There let the virgin train their sorrows blend;
There, as for Athelwold, Elfrida sigh;
And wrathful Orgar, as he mourn'd a friend,
Veil the red lustre of his tearful eye.
Yet why to scenes of imitative grief
Direct the wanderings of a troubled heart?
In vain would genuine sorrow court relief
From gayest fictions of poetic art.
See Aston's fane her groaning valves expand,
In sable woe receive her Pastor dead;
See round his bier, no mimic mourners, stand
The friends he cherish'd, and the flock he fed.
Mark from its height the solemn organ breathe;
'Twas his own hand that plac'd the music there:
List the the infant choir that chaunts beneath;
'Twas his own task their early song to rear.
Behold the white-rob'd Minister of Heav'n
(Such was He once!) the hallow'd rites begin;
Tell of the grave subdued, a Saviour giv'n,
Life without end, and bliss unstain'd by sin.

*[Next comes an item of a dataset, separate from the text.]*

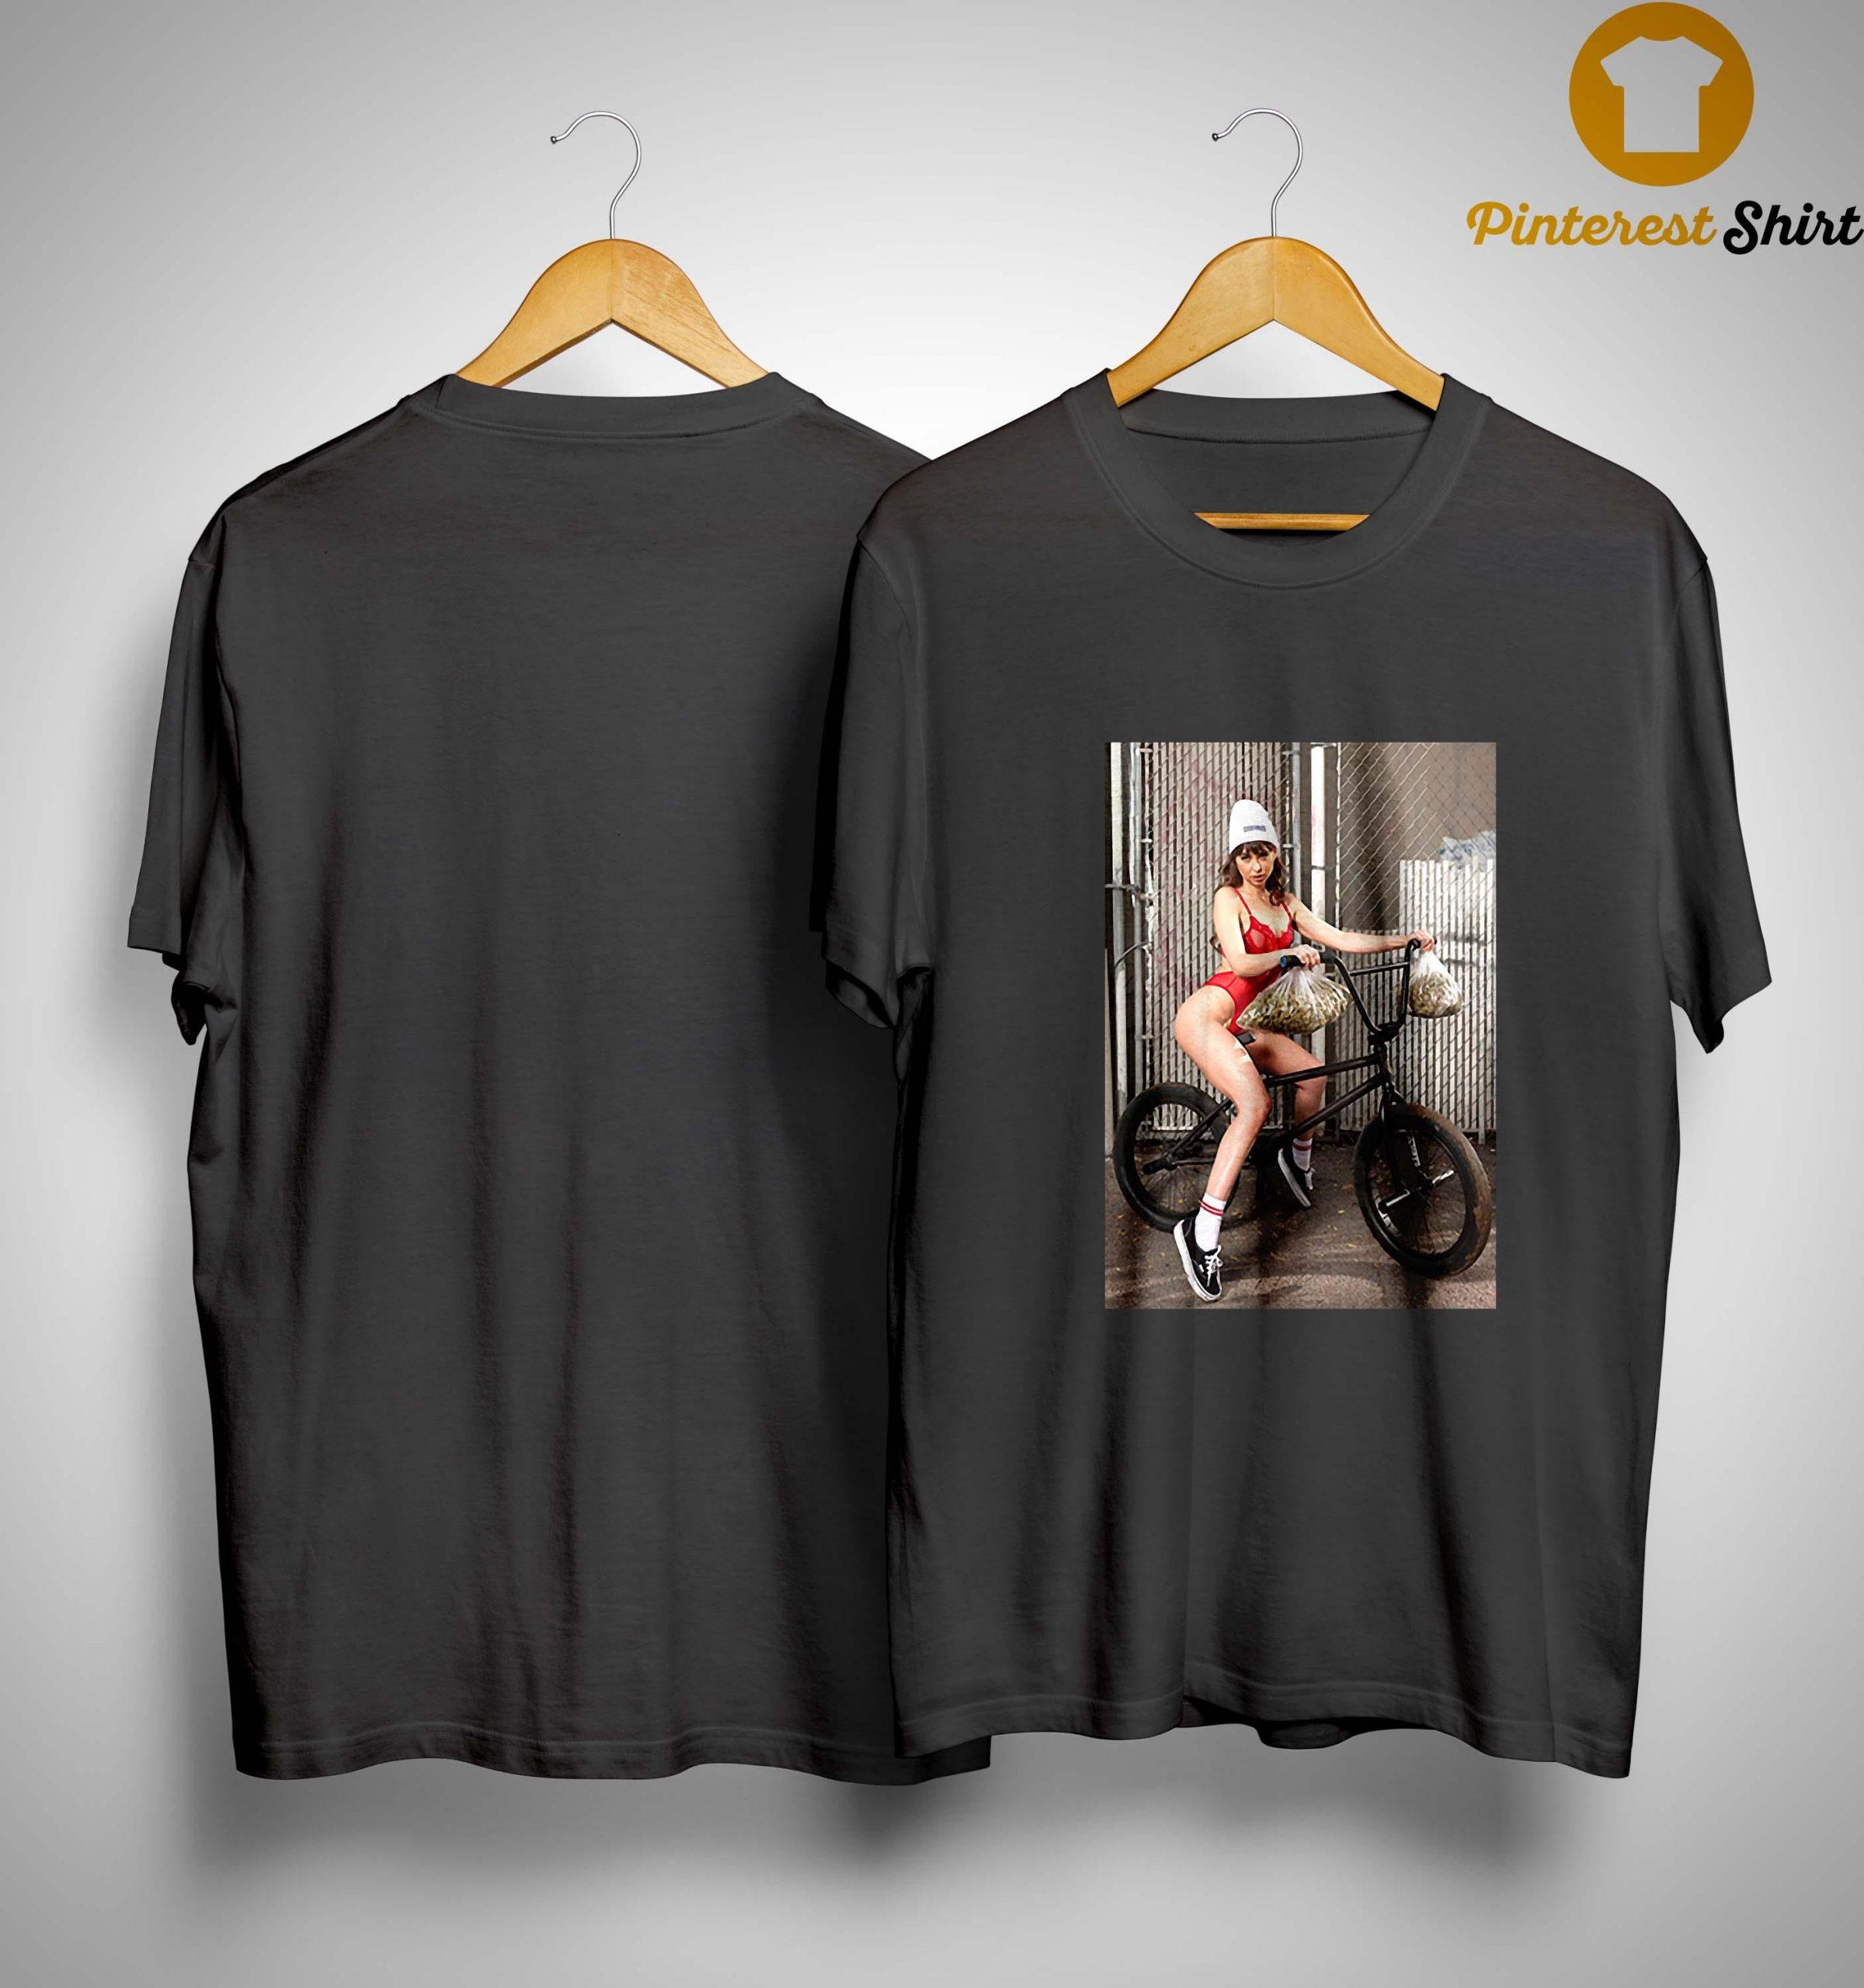 Riley Reid Shirt

Hark! Heard ye not the grating cords withdrawn?
Then sought Morality her last abode;
There waits the blush of that eternal dawn,
Which "bids the pure in heart behold their God."

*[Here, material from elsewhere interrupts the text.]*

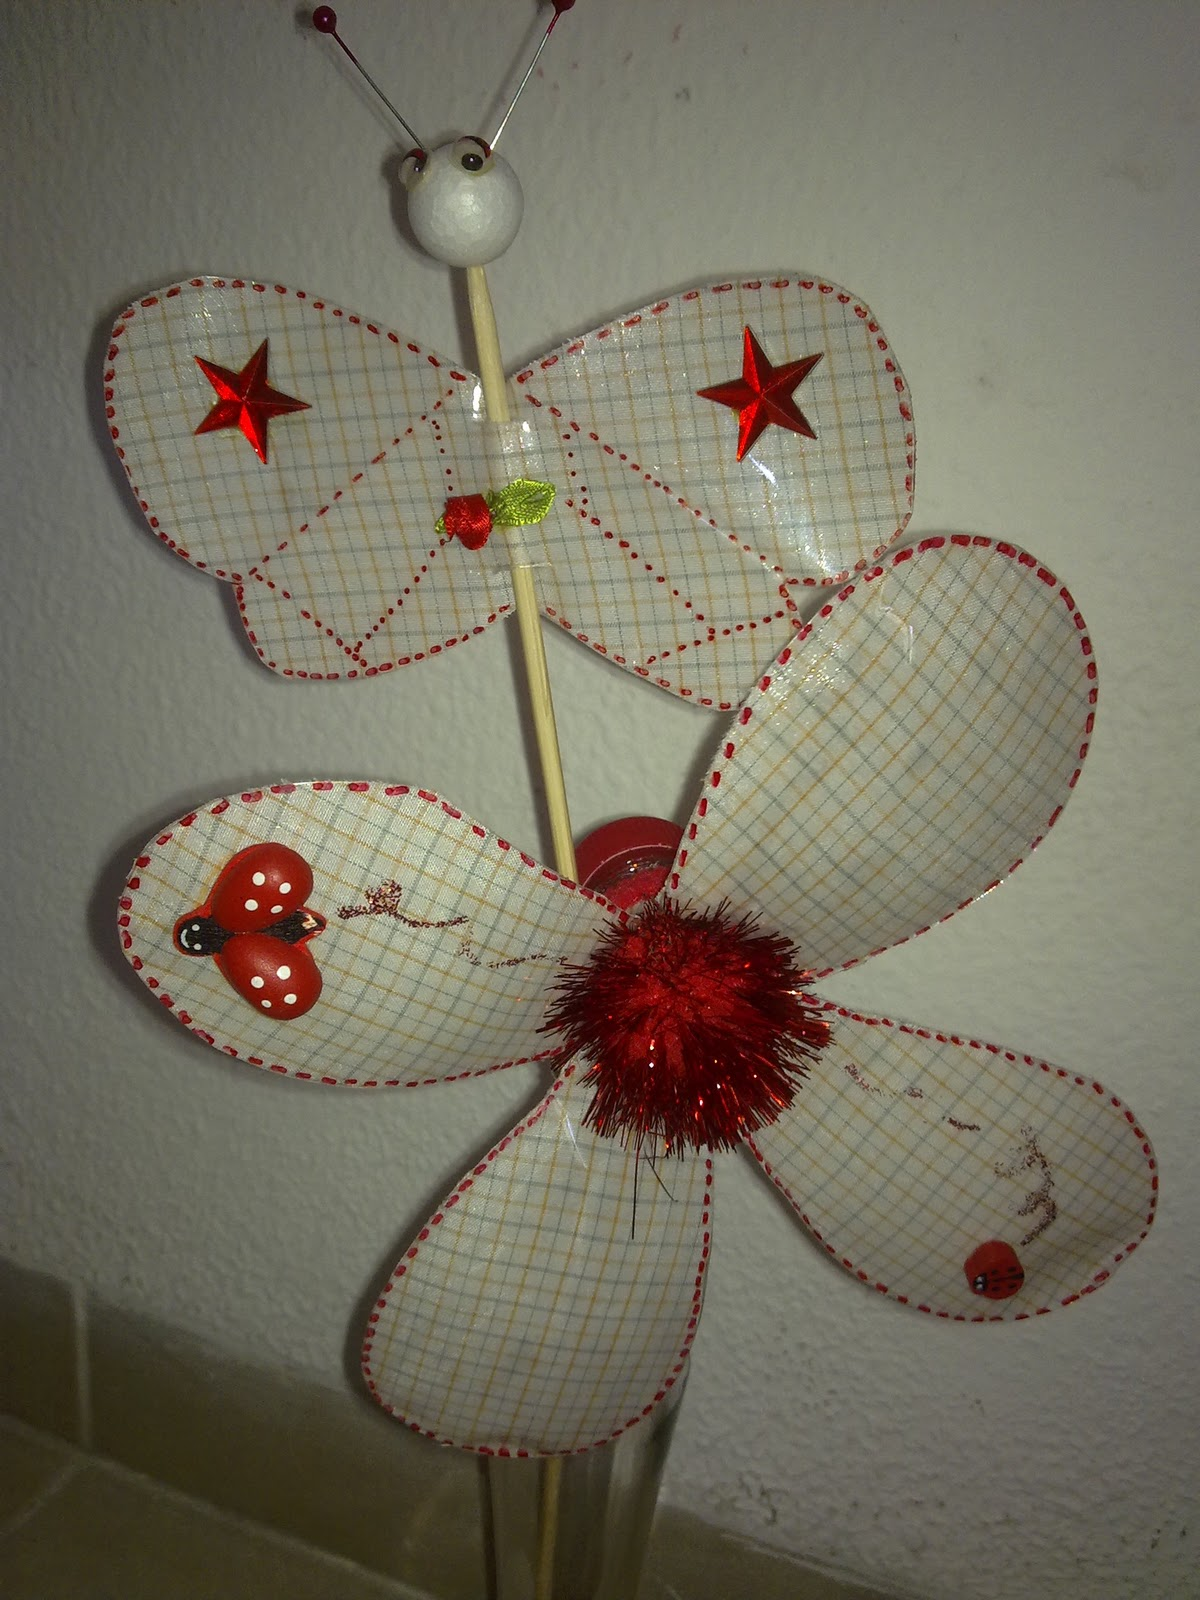 Armario Inox Magazine Luiza ~ Arte em miçangas Flor de garrafa pet no programa

Hark! "Earth to earth—" The lifted spade behold!
With listening awe behold each face o'erspread!—
With sullen sound the emblematic mould
Drops on the hollow mansion of the dead!
"Ashes to ashes" — Yet again the sound!
Accordant groans from every breast reply.
"Dust to—" In sobs the failing voice is drown'd:
The bursting sorrows stream from ev'ry eye.
Clos'd the funeral scene! On seraph wing
Let Hope the dead pursue to realms above;
View him to meet his blest MARIA spring,
Nor fear the agonies of sever'd love.
For Hope was his, and Faith's celestial ray:
Faith could the gloom of sever'd love assuage;
Brighten'd in manhood's golden prime the lay,
And warm'd with holy flame the song of age.
His breast, of lawless anarchy the foe,
For Britain swell'd with Freedom's patriot zeal;
Nor thus confin'd, for every clime could glow,
And in a Slave's a Brother's wrongs could feel:
Could feel, o'er Afric's race when Avarice spread
Her bloody wing, and shook in scorn the chain;
While Justice, hand in hand by Mercy led,
To Christian senates cried, and cried in vain!
Now their new guest the sacred hosts include,
They who on earth with kindred lustre shone;
Whom love of God to love of Man subdu'd,
Nor Pride nor Avarice fear'd the heart to stone.
There shall he join the Bard whose hallow'd aim
Sought from the dross of earth the soul to raise;
Disdain'd the meed of perishable fame,
And sunk the Poet's in the Christian's praise.
There 'mid empyreal light shall hail his GRAY;
There MILTON thron'd in peerless glory see;
The wreath that flames on THOMSON'S brow survey;
The brighter crown that, COWPER, waits for thee.